In conjunction with Combustion Analysis Laboratory and the Laboratory for Manufacturing and Sustainability in Mechanical Engineering, our research aims to develop a Rankine cycle heat engine system which will convert sunlight to heat at 60-80% solar-thermal efficiency and electricity at 8-10% solar-electric efficiency using concentrating solar collectors. In contrast to photovoltaic systems which cost ~$7/Watt [Solarbuzz, 2007] of generator rated peak electrical output, in mass production the proposed collector and generator system sized at 1-10kW would cost ~$4/Watt electricity or $0.80/Watt heat, allowing adjustment of heat and electrical output on demand. Considering that 112 MW of grid-connected PV was installed in the U.S. in 2006, there is a large proven market for solar energy. With widespread market penetration, this system would reduce greenhouse gas and criteria pollutant emissions from electricity generation and heating for a significant portion of the developed and developing world.
There are currently two prevalent technologies for solar-electric energy conversion: photovoltaics harness the photo-electric effect for direct conversion of light to electricity, and solar thermal collects light as heat, driving mechanical-electrical generators; typically using a Rankine Cycle. While photovoltaics exist in both centralized and distributed power applications, solar-thermal power is exclusively used in centralized plants. This is due to the fact that the expanders required in a Rankine cycle do not operate efficiently at low power levels (1 - 10 kW). If this technical barrier can be overcome, distributed solar-thermal could have several advantages over distributed photovoltaics: photovoltaic technologies cannot currently store excess energy economically; while energy in the form of heat can be cost effectively stored using available thermal storage technologies. Additionally, semiconductor processing requires large amounts of energy, water, and harmful chemicals; whereas solar-thermal technology uses more easily processed engineering materials, such as steel, glass, and rubber. Solar thermal may thereby provide cheaper, more reliable and environmentally benign distributed generation in a variety of economies worldwide. As outlined in the 2005 Dept. of Energy publication “Basic Research Needs for Solar Energy Utilization,” moderate temperature distributed solar thermal is an area where there is potential for significant breakthroughs to reduce the cost of solar energy.

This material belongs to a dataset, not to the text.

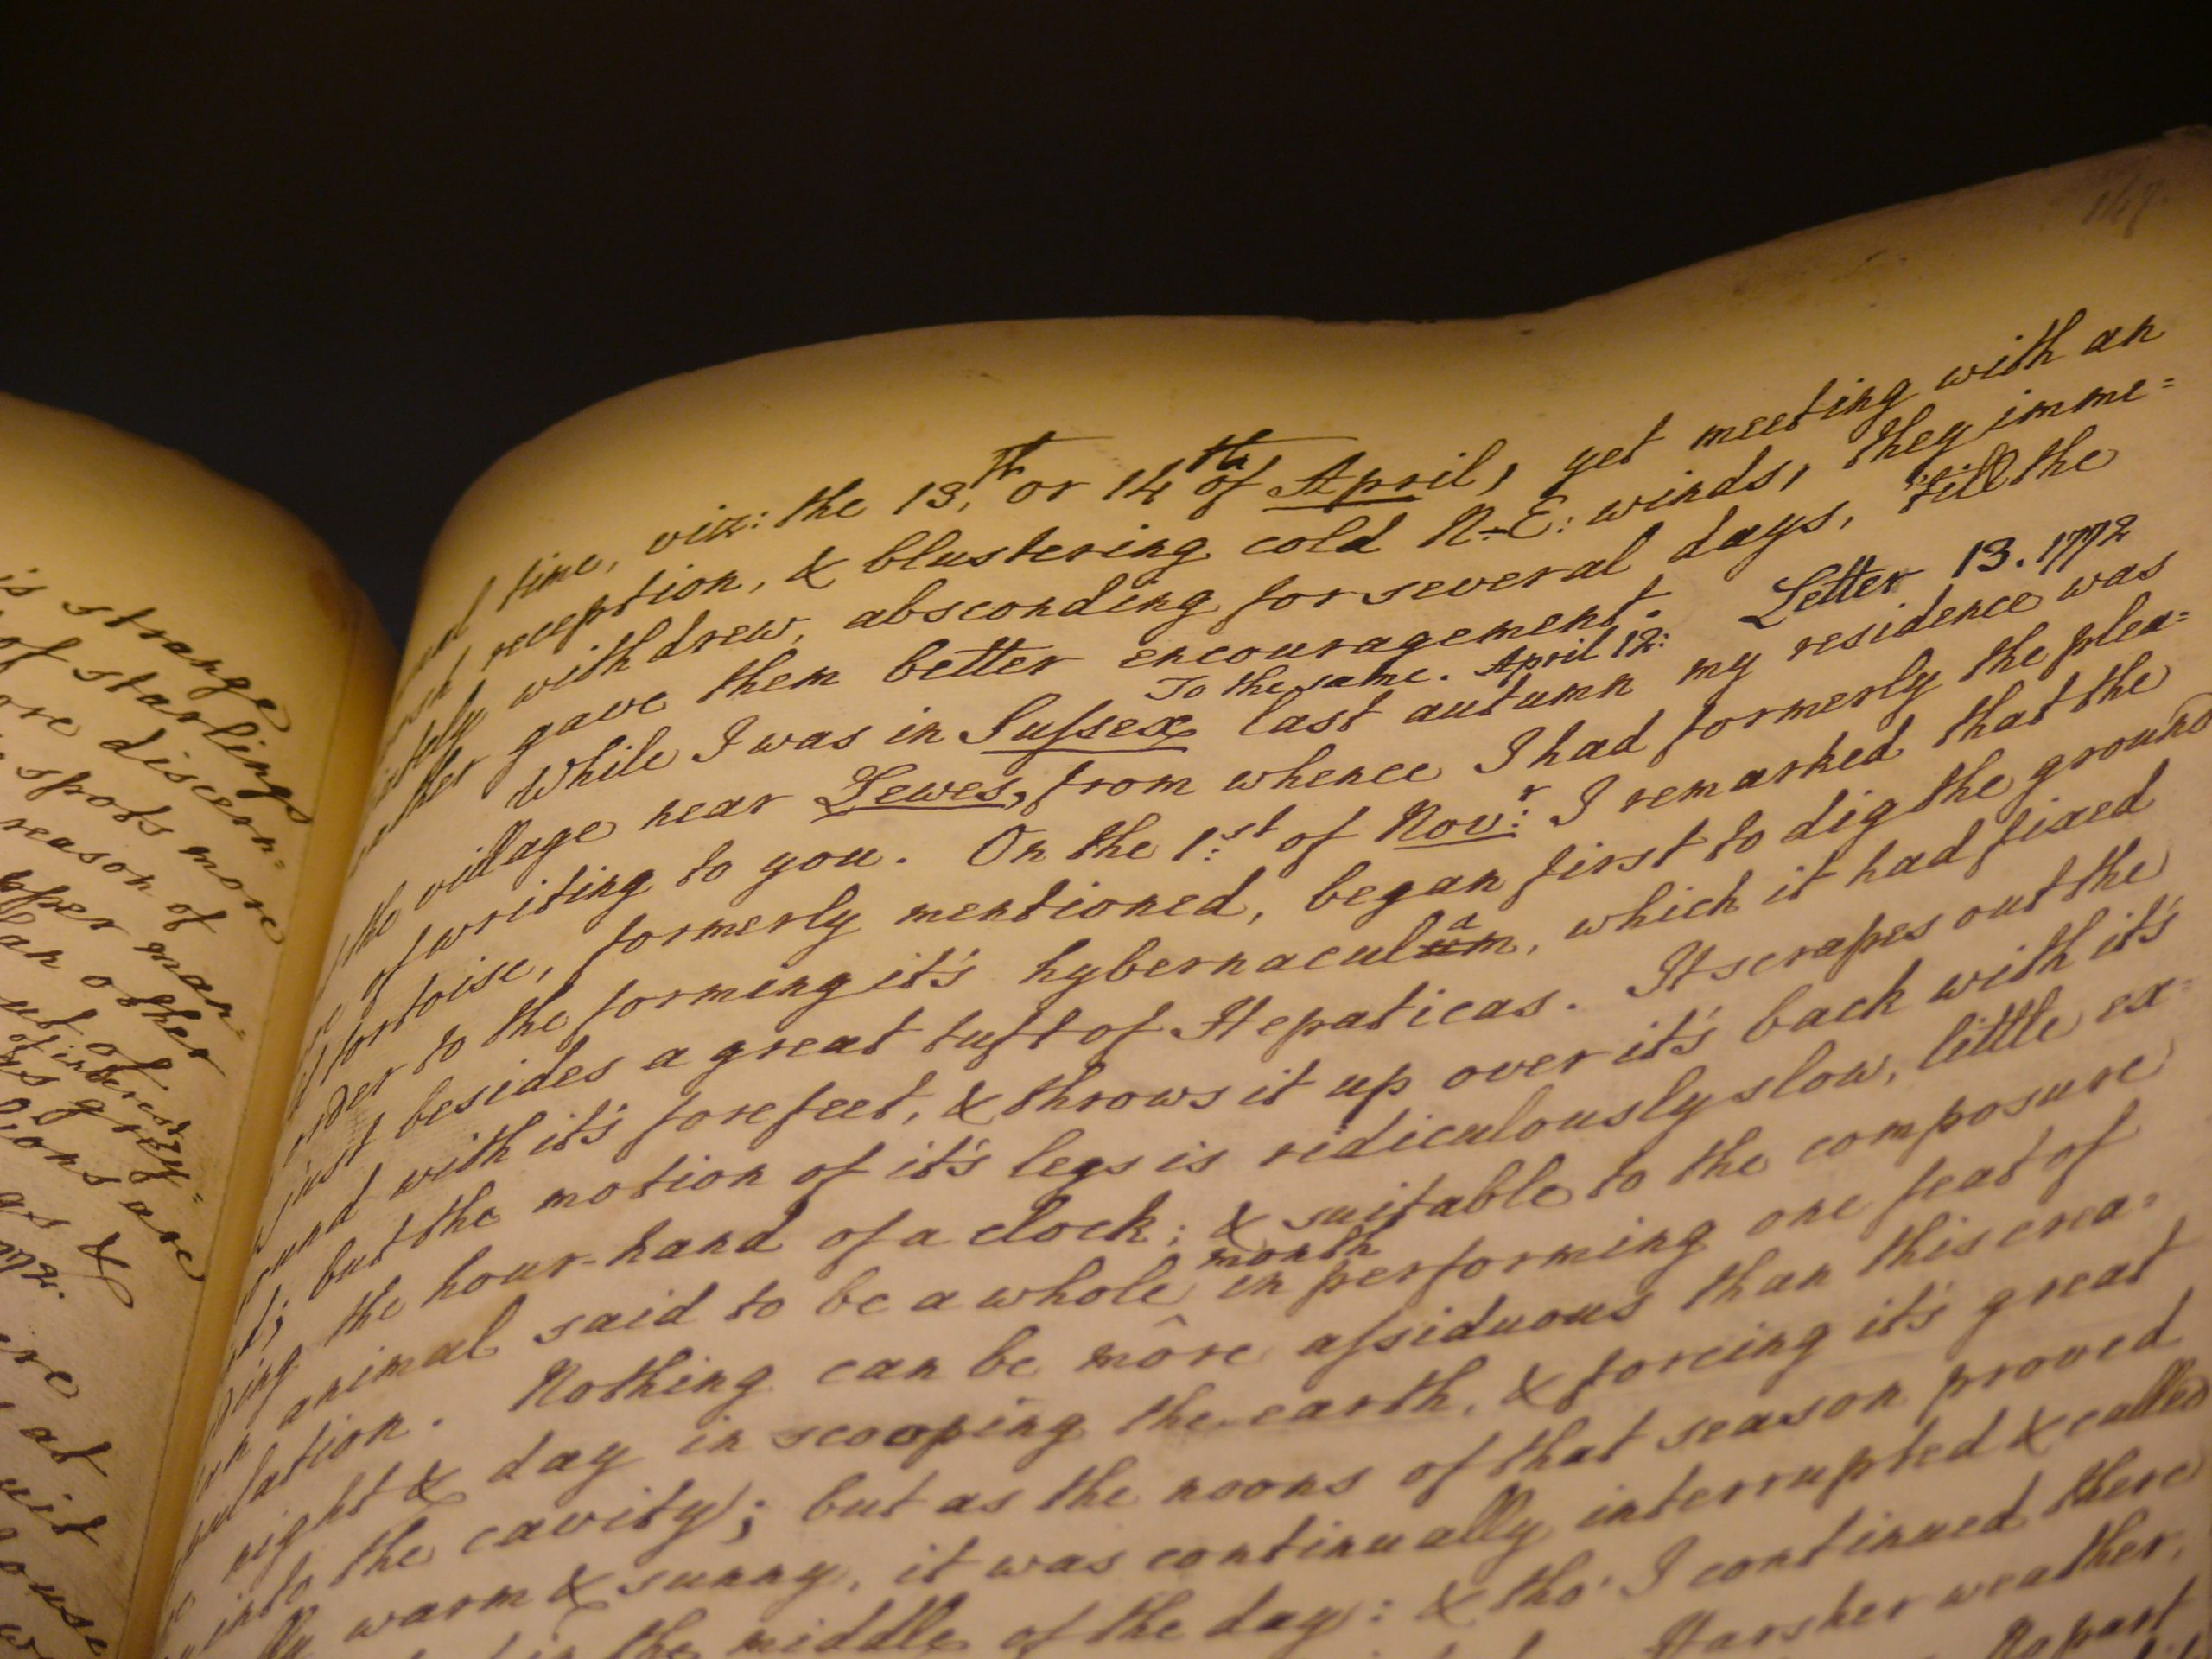 gilbert white manuscript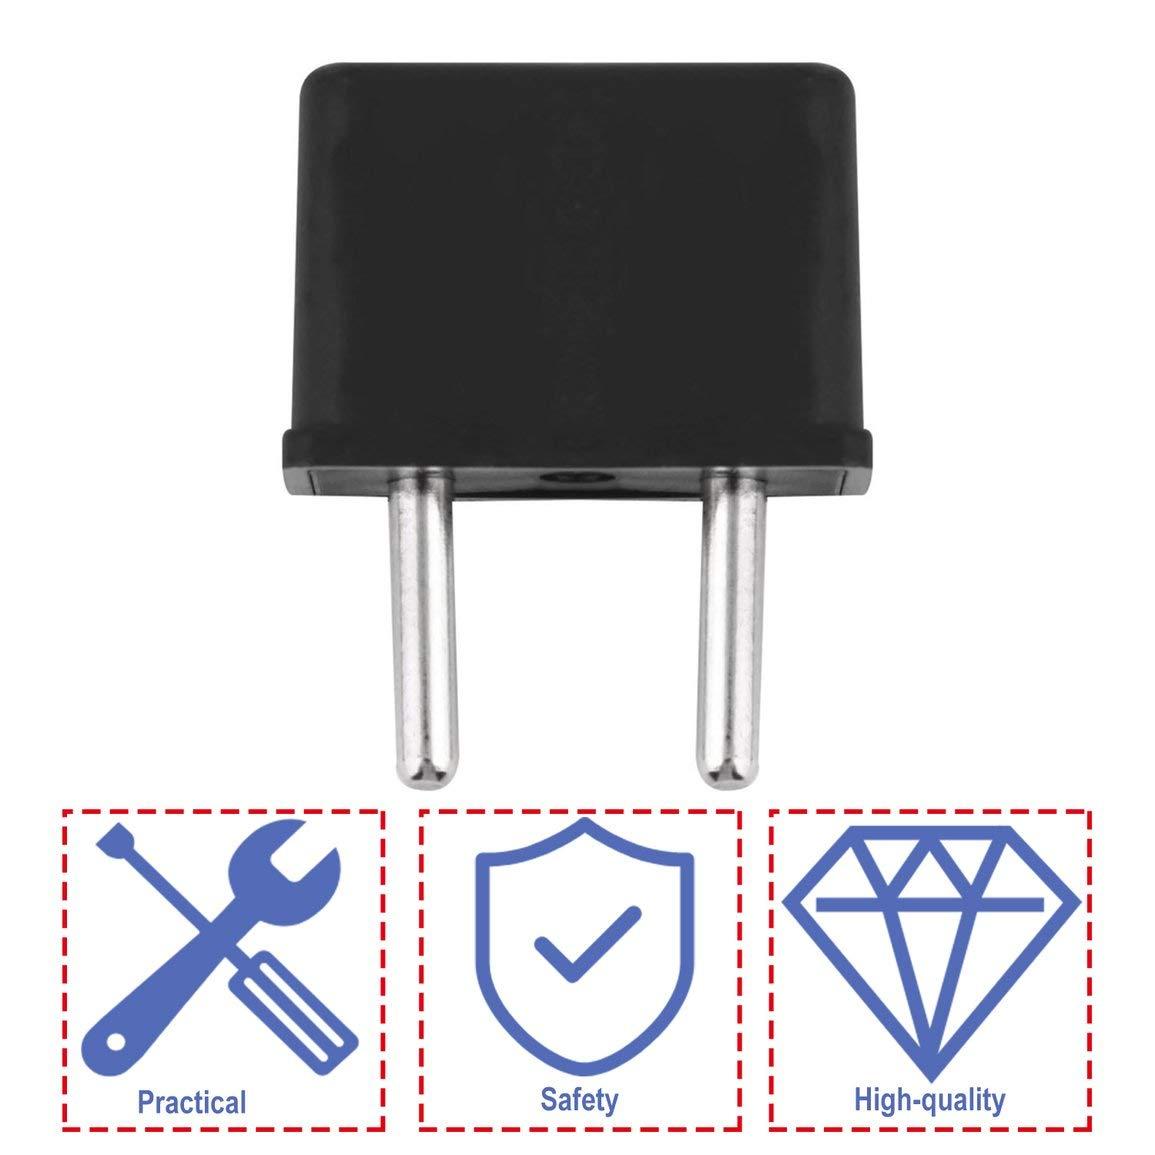 A la UE Enchufe EE Color: Negro A Europa 220 V de Viaje Pared Blanca Cargador de Corriente alterna Adaptador de Salida Convertidor 2 Pin de Enchufe Redondo Universal EE UU UU

Current research focuses on the following: (1) Determine likely candidates for the power generation device in moderate temperature heat engine applications. (2) Characterize the environmental impact (embodied energy, toxicity, and global warming pollution) of each potential design, and provide an example of how to consider these impacts during the design stage. (3) Optimize the system design using integrated multi-objective design-optimization over the following parameters: solar conversion efficiency, weight, cost, and environmental impacts. (4) Produce a moderate temperature expander design and prototype and a viable business model.